Task statement ▸ The full set of lines below has to be duplicated exactly, with no picture kept.

BEGIN Supplied material

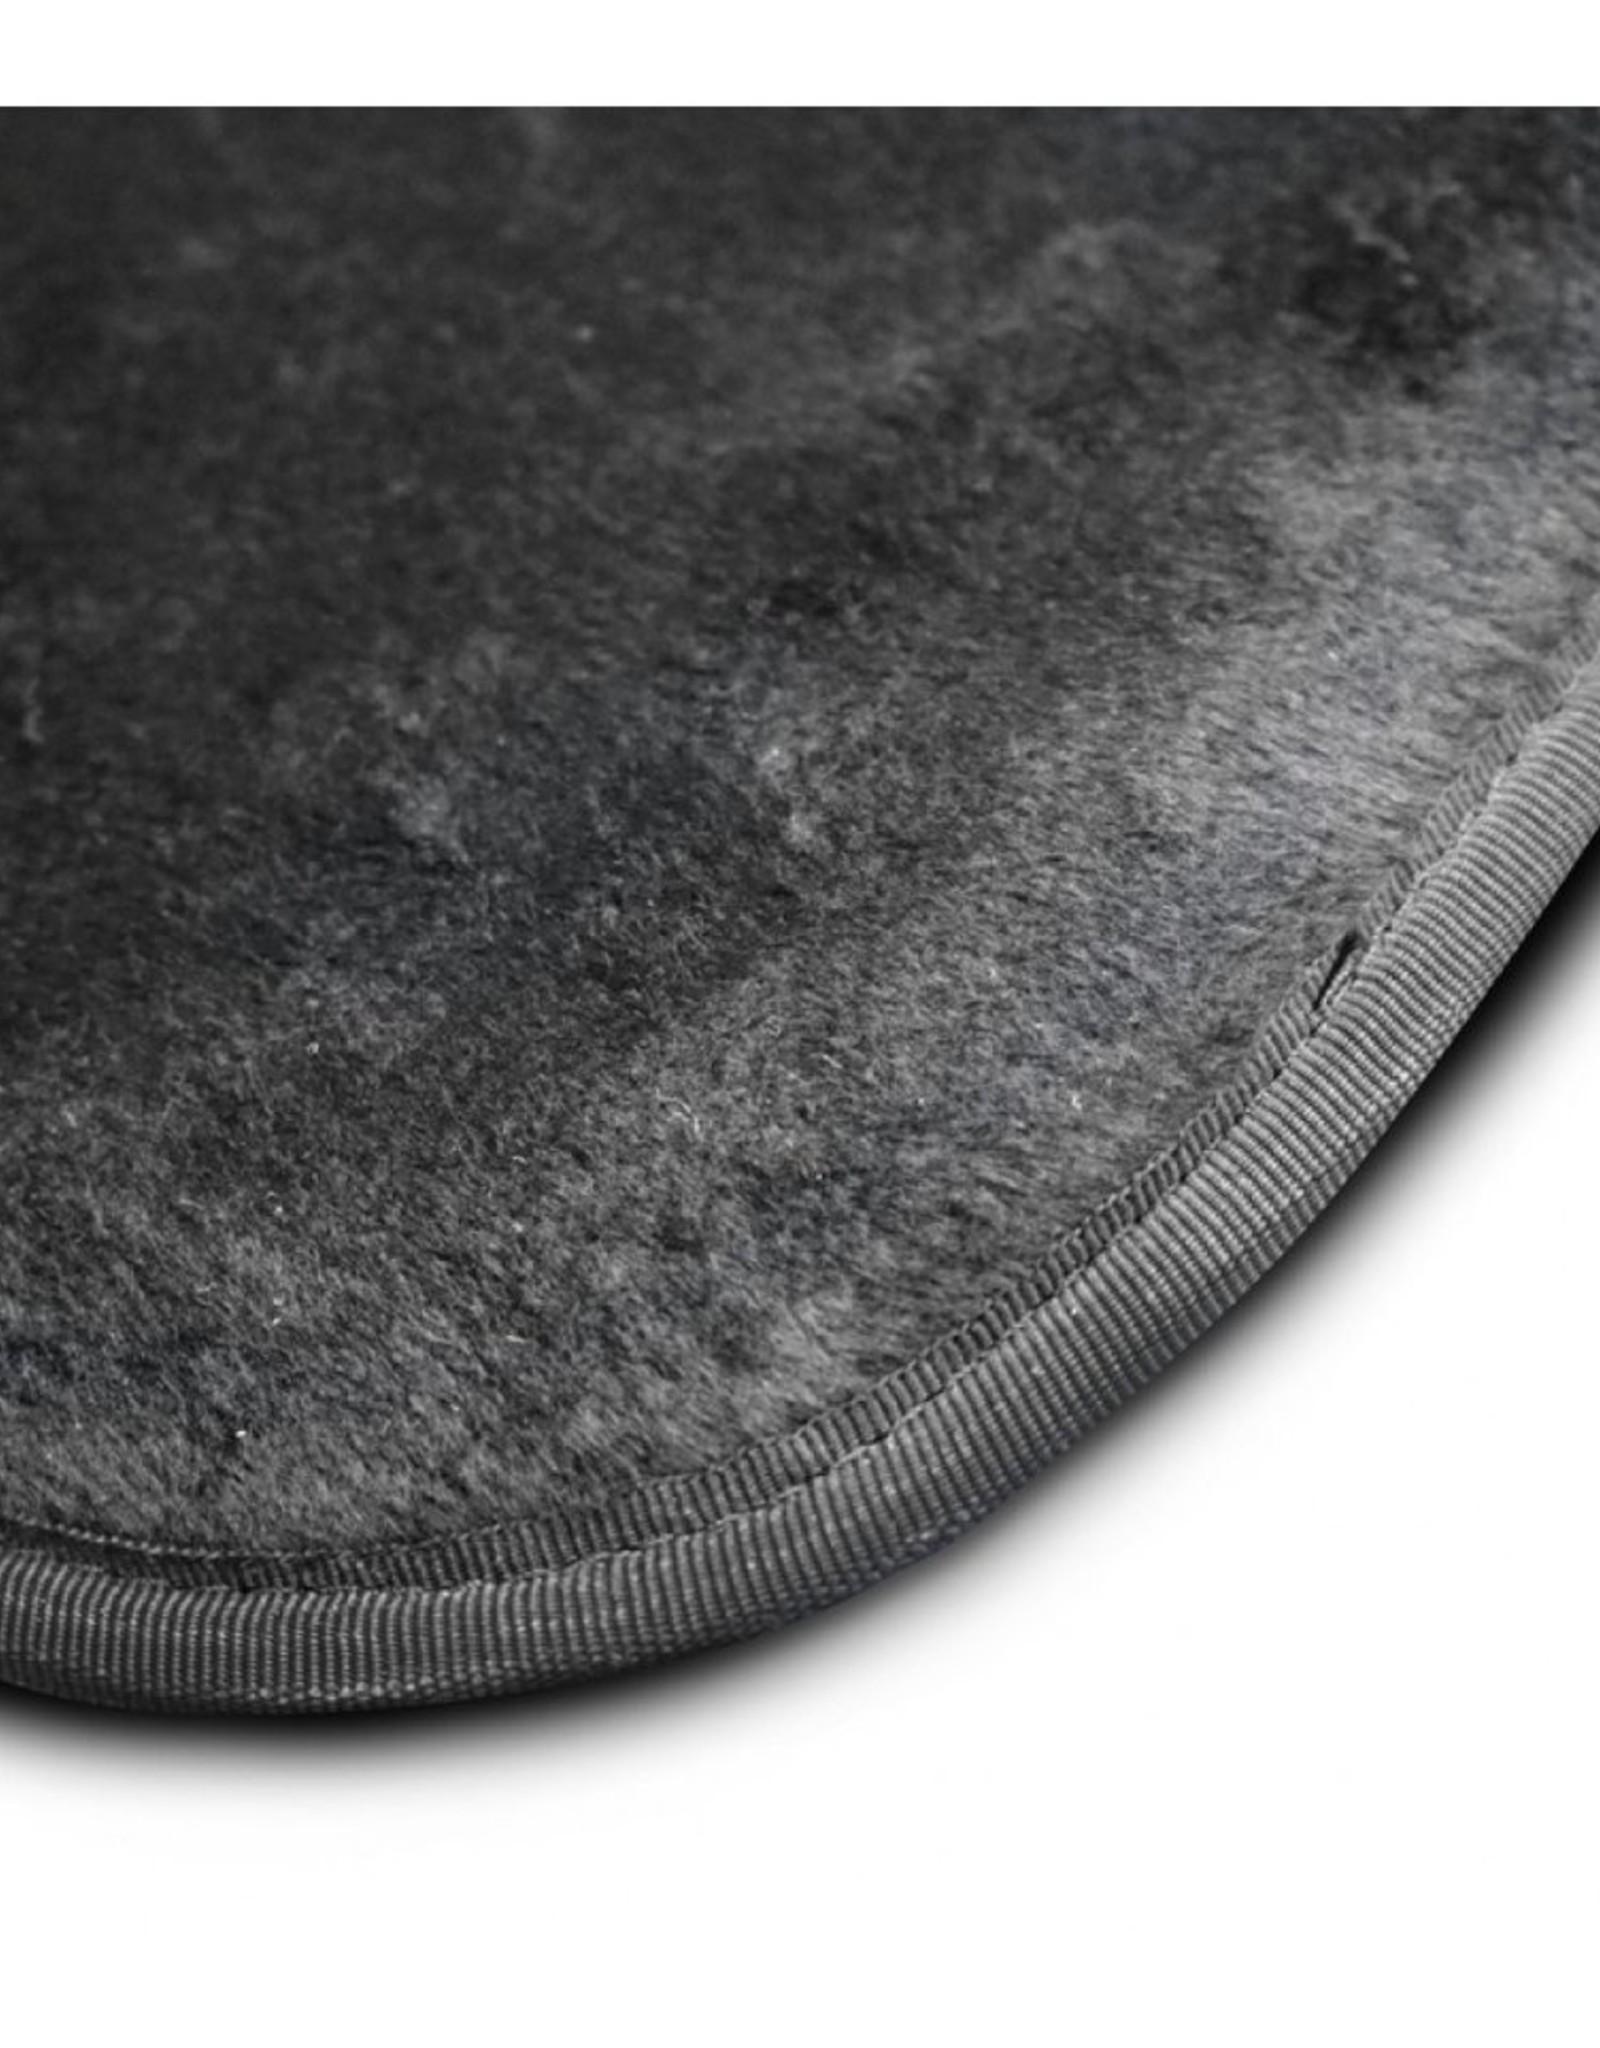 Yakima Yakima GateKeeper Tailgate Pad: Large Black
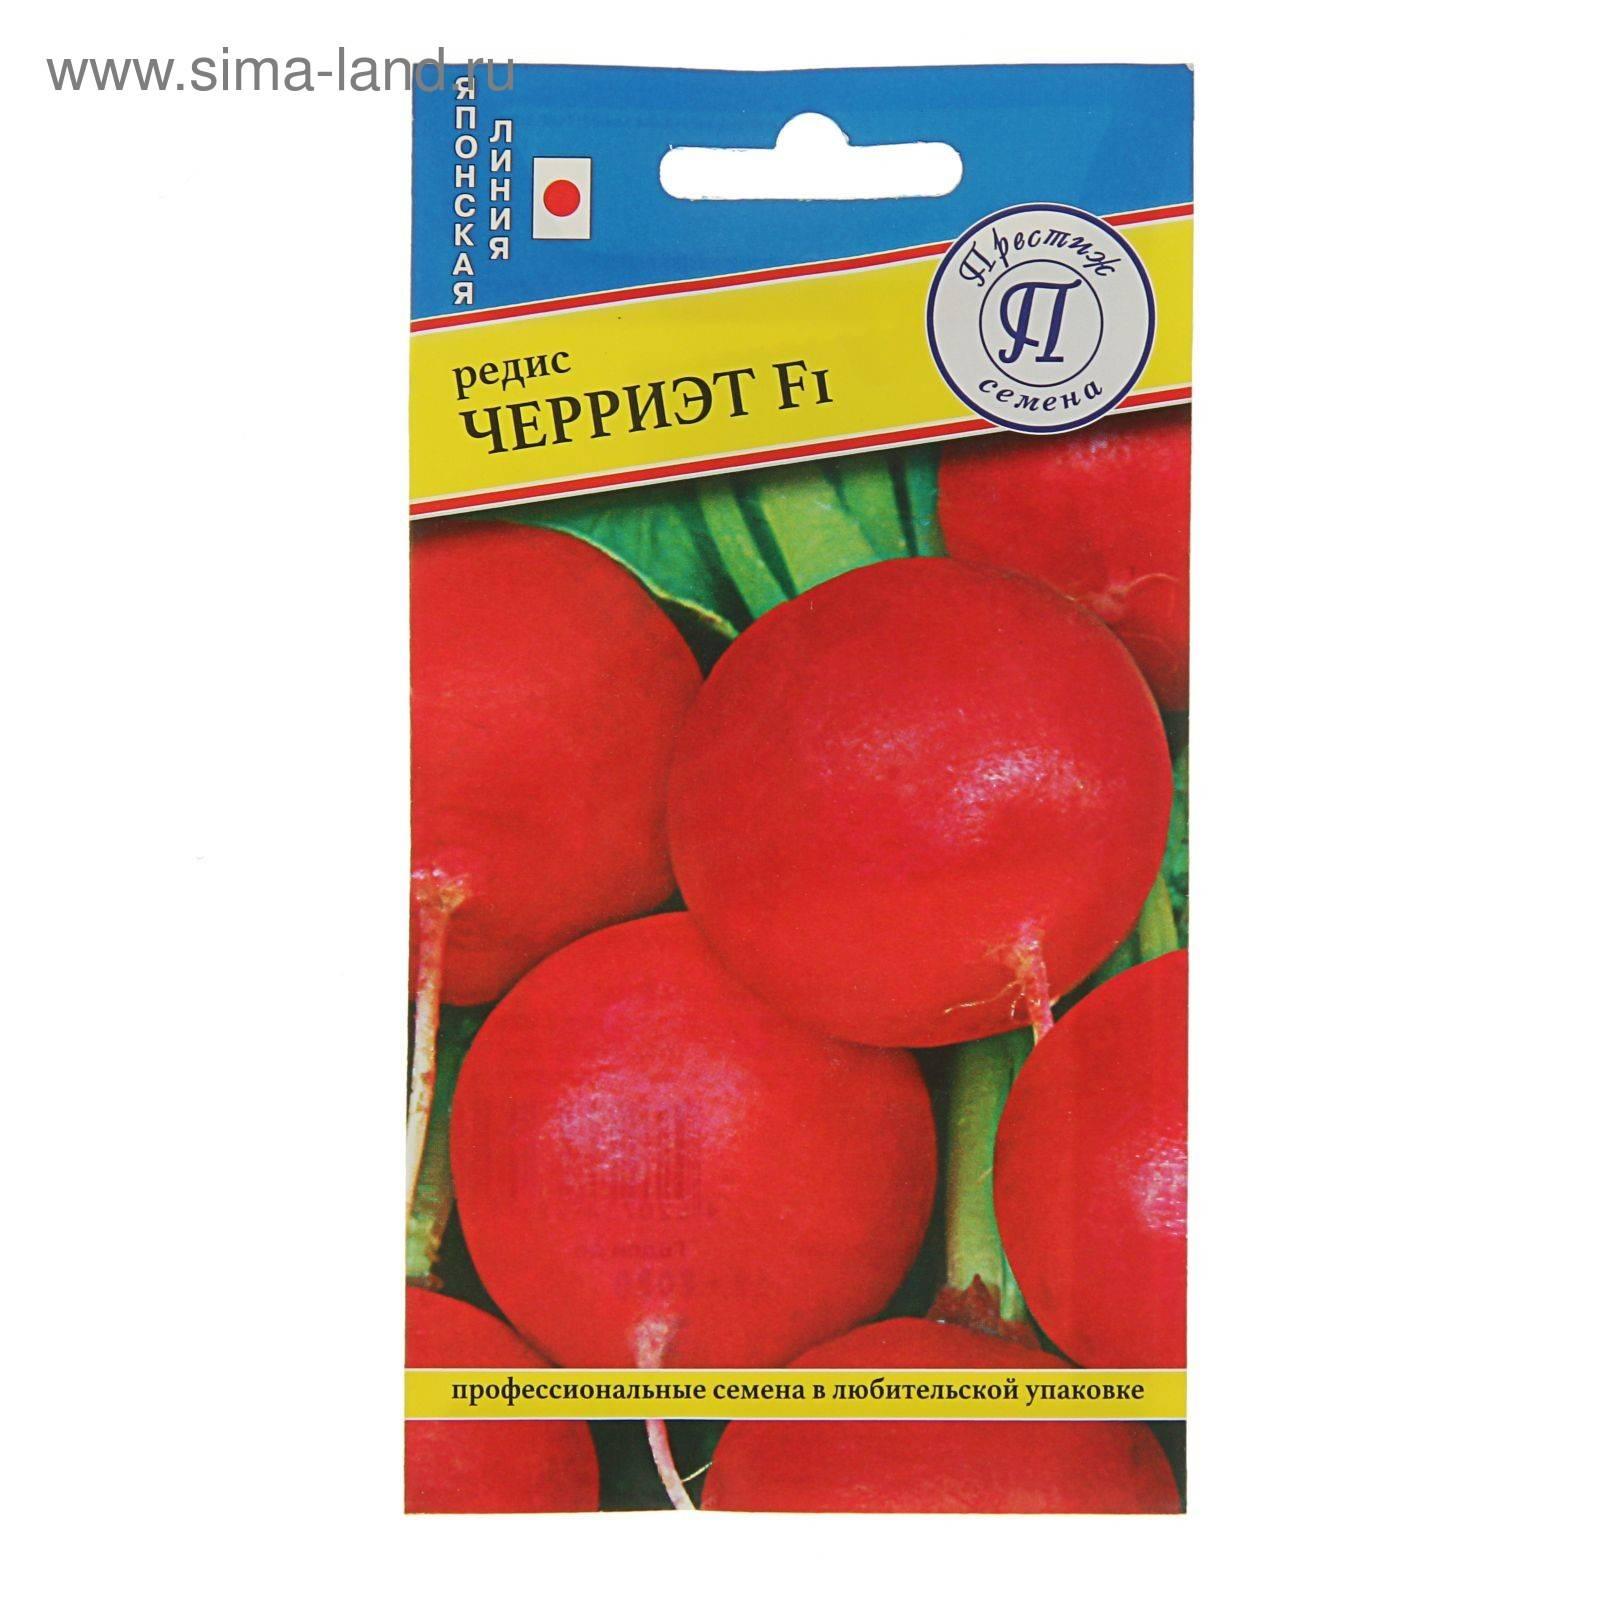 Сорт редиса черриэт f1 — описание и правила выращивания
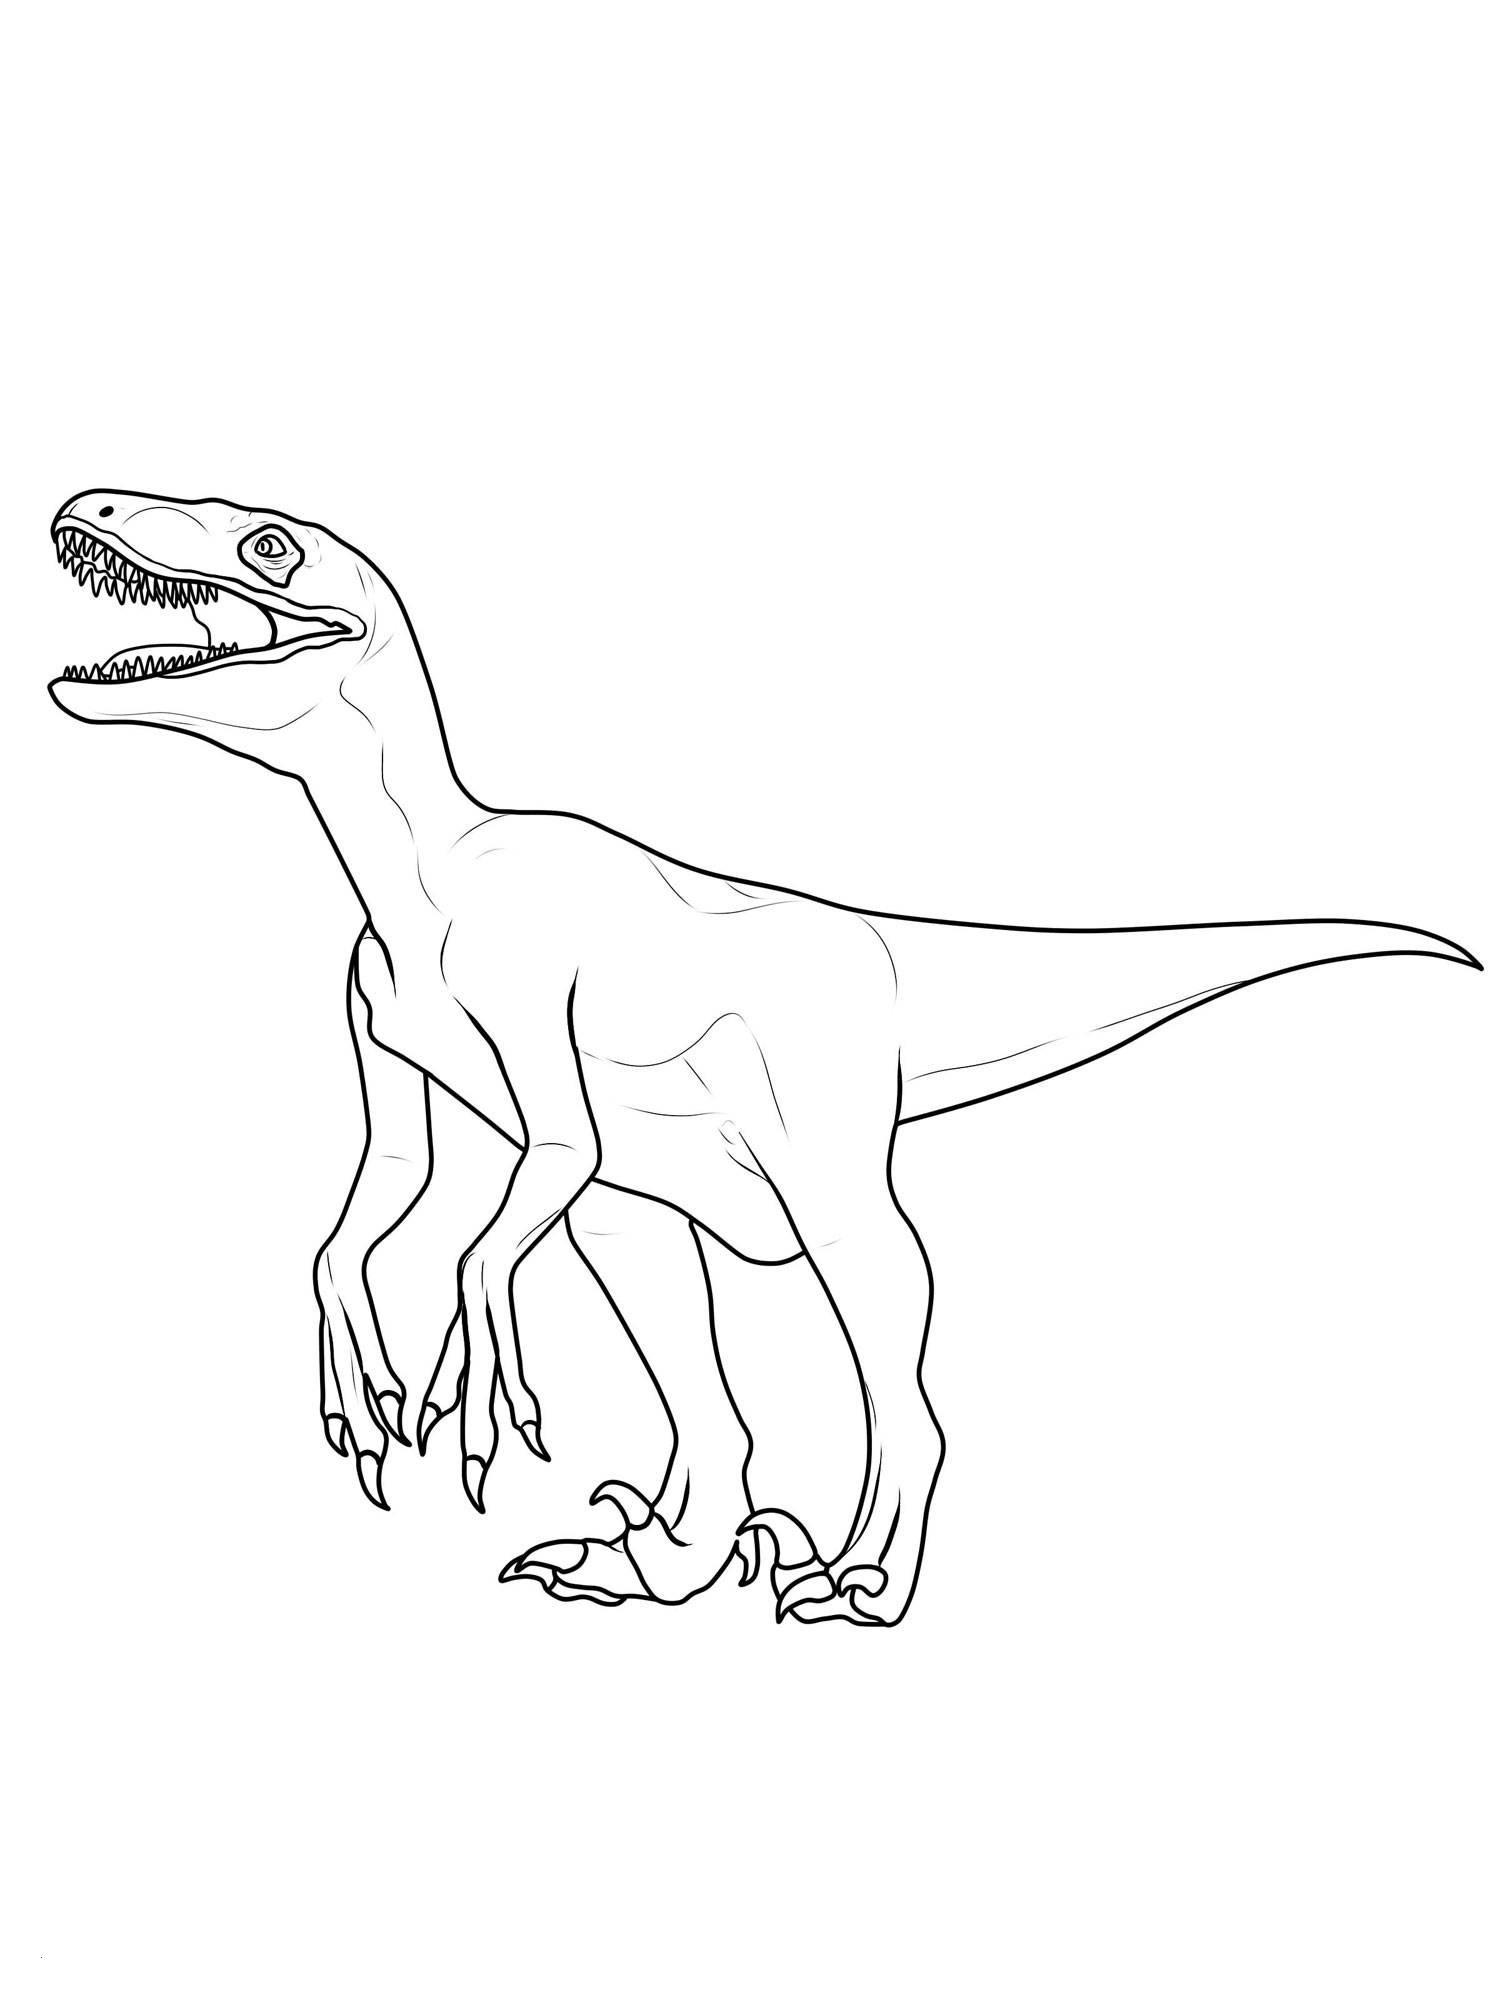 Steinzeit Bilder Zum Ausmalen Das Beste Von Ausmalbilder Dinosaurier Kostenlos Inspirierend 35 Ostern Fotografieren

END Supplied material

Solution for this problem ▸
 Yakima Yakima GateKeeper Tailgate Pad: Large Black
 Сорт редиса черриэт f1 — описание и правила выращивания
 Steinzeit Bilder Zum Ausmalen Das Beste Von Ausmalbilder Dinosaurier Kostenlos Inspirierend 35 Ostern Fotografieren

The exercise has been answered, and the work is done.